Research done by the Dukakis Center for Urban and Regional Policy found that transit investment frequently changes the surrounding neighborhood. According to the 2010 study, ‘the most predominant pattern is one in which housing becomes more expensive, neighborhood residents become wealthier and vehicle ownership becomes more common.” The study also reveals that transit development can have unintended consequences for core transit users—usually renters and low-income residents — who are priced out in favor of higher-income, car-owning residents who are less likely to use public transit for commuting. Consequently, the most vulnerable in our communities (renters, low-income and people of color) are pushed to the urban fringes away from jobs, schools and amenities, contributing to what has been dubbed the suburbanization of poverty, and increased air pollution.
A case study exemplifying this phenomenon is downtown Los Angeles, and the surrounding communities of Pico Union and South Park. As major housing and entertainment development made downtown a hip place to live, work and play, low-income residents experienced increasing police harassment, rising costs of living, more traffic and a deep sense that they were no longer welcome in their own neighborhoods. These trends were documented in a health impact assessment conducted by Health Impact Partners in 2012, which showed significant demographic shifts, with African American and Latino populations moving out and a substantial growth of college age individuals and some baby boomers. Displacement and gentrification have health impacts related to mental stress and anxiety. Even small fluctuations in rental rates can mean less money to spend on food, health care, education, all of which are determinants of health.

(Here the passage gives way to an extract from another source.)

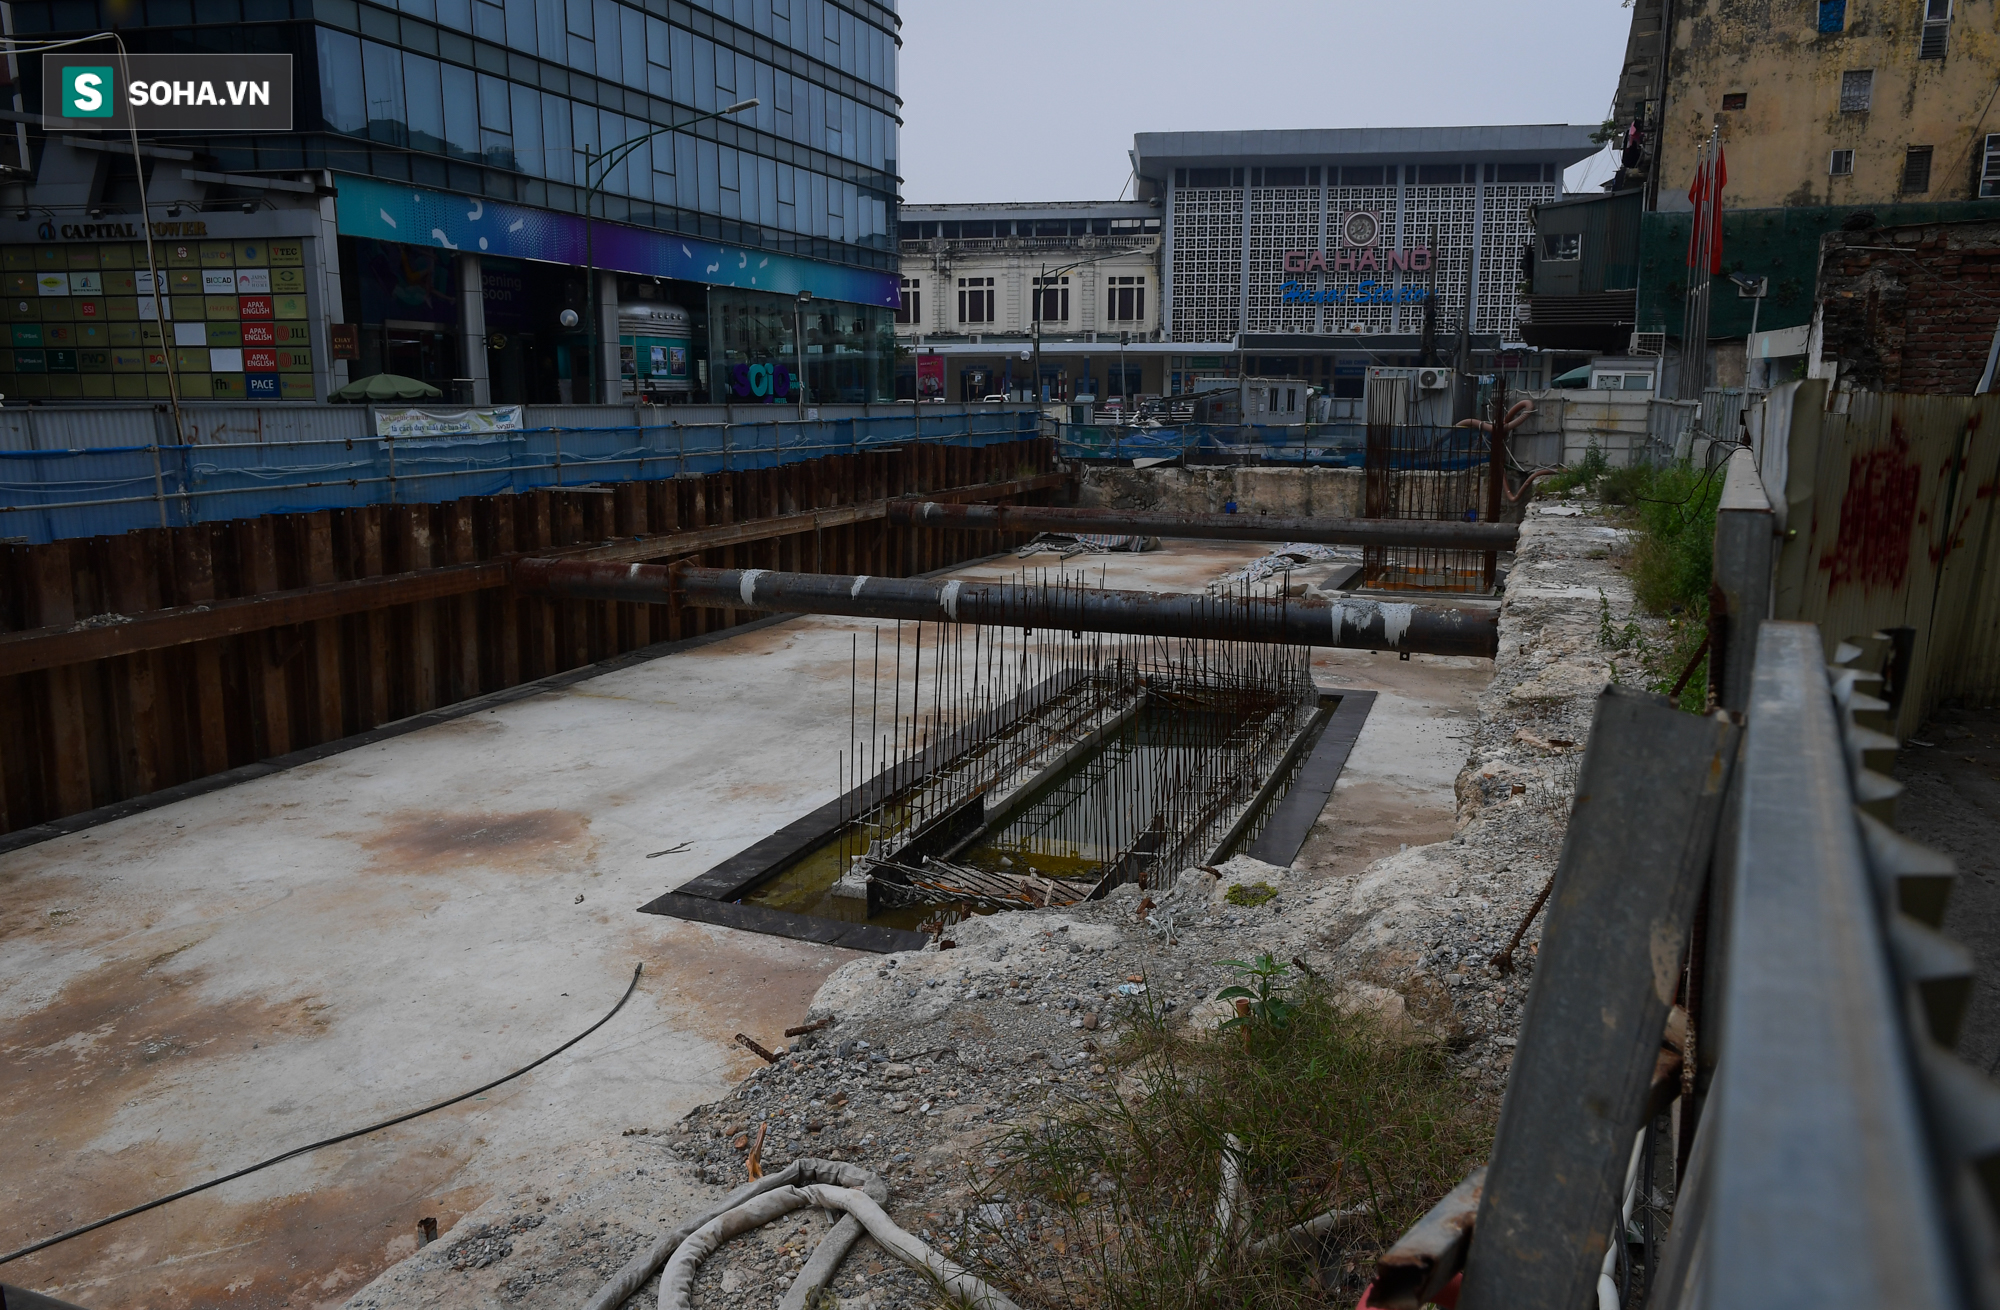 Xây trước tuyến Cát Linh-Hà Đông 1 năm, dự án Metro Nhổn-Ga Hà Nội vẫn chưa xong mặt bằng - Ảnh 6.

The California Environmental Quality Act (CEQA) is one of the few tools communities have to address developments with these negative impacts. In addition to requiring a cumulative health impact assessment, CEQA leverages a community’s ability to assess how a project will impact their health and environment, and mitigate harm through active participation in the process. We must prioritize and protect communities by ensuring equitable growth and we accomplish this by strengthening community participation, conducting more robust health impact assessments, and protecting communities through planning and policy.